The team told me that they weren’t able to get their hands on GPUs in time for the trip to Germany, but that they hoped to make up for the deficit in number-crunching power by having more CPUs in their box, and doing a better job of tuning their cluster for the HPC apps.
Newbie team Hamburg also went the old-school route. Their nine-node cluster is crammed into a ruggedized case on wheels. To me, the case looked like something a professional polka band might use to transport their accordions on a long, multi-country tour. But it did an admirable job of holding all of their gear, and it’s optimized for a quick getaway as well.
Team Hamburg is the only team using Qlustar (pronounced “clue-star”) as their cluster operating system. They tout it as a quick and easy, yet powerful, o/s that makes setting up and managing HPC clusters a walk in the biergarten. You can check Qluster out here (https://www.qlustar.com/).
Coffee Table of Doom 2.0
The other German team, Chemnitz University of Technology, went back to the drawing board after their first Coffee Table of Doom cluster (four workstations crammed with a grand total of 16 accelerators) proved to suck up way too much power to be competitive. Coffee Table of Doom 2.0 includes six workstations, each with 128 GB RAM, plus 8 NVIDIA K40c accelerators scattered around. The team should be able to keep this system under the 3,000 watt power cap, unlike its predecessor.
The Sweet Spot?
The rest of the 11 team field sported similar systems, chock full of Xeons, accelerators, and plenty of memory.
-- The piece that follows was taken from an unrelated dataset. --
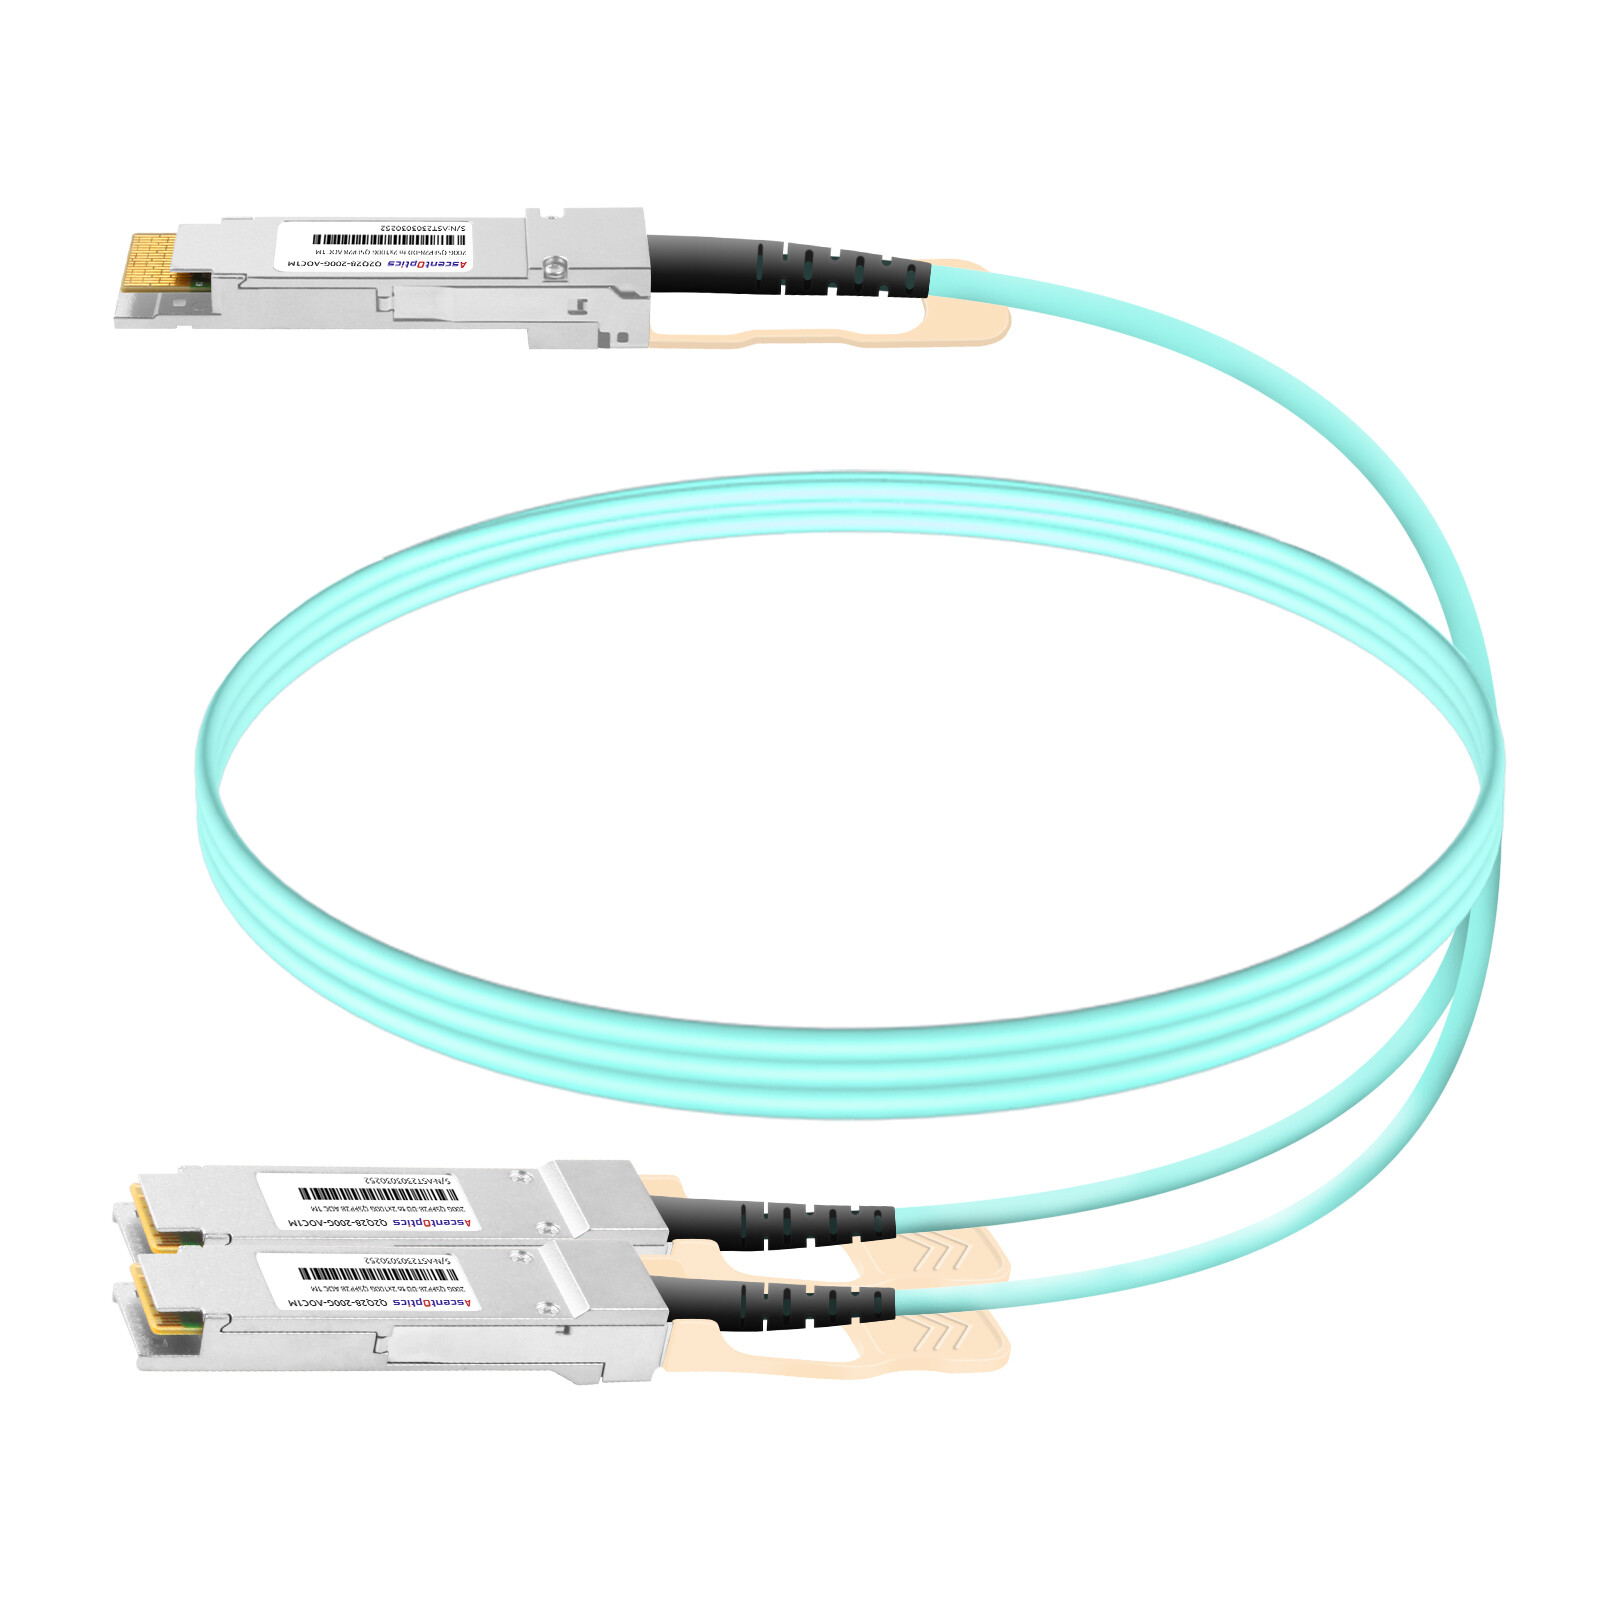 200G QSFP28-DD to 2x 100G QSFP28 Breakout AOC Cable,1 Meter

Team Brazil (University of Sao Paulo) picked up SGI as a sponsor for their trip to ISC and also upped their configuration considerably from what we saw at ASC14. In Leipzig they drove an eight-node, 192-core cluster packed with a terabyte of RAM and five Intel Phi co-processors. Unlike their outing in Guangzhou, this should be enough hardware to allow the team to hang with the big boys.
Team South Korea, from the Ulsan National Institute of Science and Technology, also put together a larger system than they used at ASC14 last spring. We also see that the team has had a change of heart regarding accelerators. In their ASC14 competition system, UNIST used six nodes with five NVIDIA Titan GPUs. At ISC’14 they’re coming with eight beefy nodes plus eight NVIDIA Tesla K40c GPUs. This should work out better for them, I suspect.
The third team from China, the University of Science & Technology of China, has the biggest Chinese system with 10 nodes, 1.28TB of memory, and eight NVIDIA K40c GPUs. The team is sponsored by Sugon, which seems to be the public face of Chinese computing powerhouse Dawning.
According to the team, they’ve received not only a lot of hardware from Sugon, but also plenty of technical help and expertise. It’ll be interesting to see how this team does not only in the overall competition but against the other Chinese teams, who are sponsored by another very large Chinese computing company, Inspur.
Former Champs Clash
Team South Africa, the returning ISC’13 champ, and Team Shanghai, the recent ASC14 winner, are both considered favorites to take the Overall Champion crown at ISC’14. South Africa has an eight-node, 160-core cluster with eight NVIDIA K40c accelerators. Shanghai also has eight nodes, but is using a 12-core Xeon, giving them 192 total CPU cores in their system. Shanghai is also running eight NVIDIA K40c accelerators.
Another key difference between the two is memory. Shanghai, with a terabyte of RAM, is sporting twice the 512 GB memory of the South Africa cluster. As one long-time cluster observer put it, “More memory is more better.”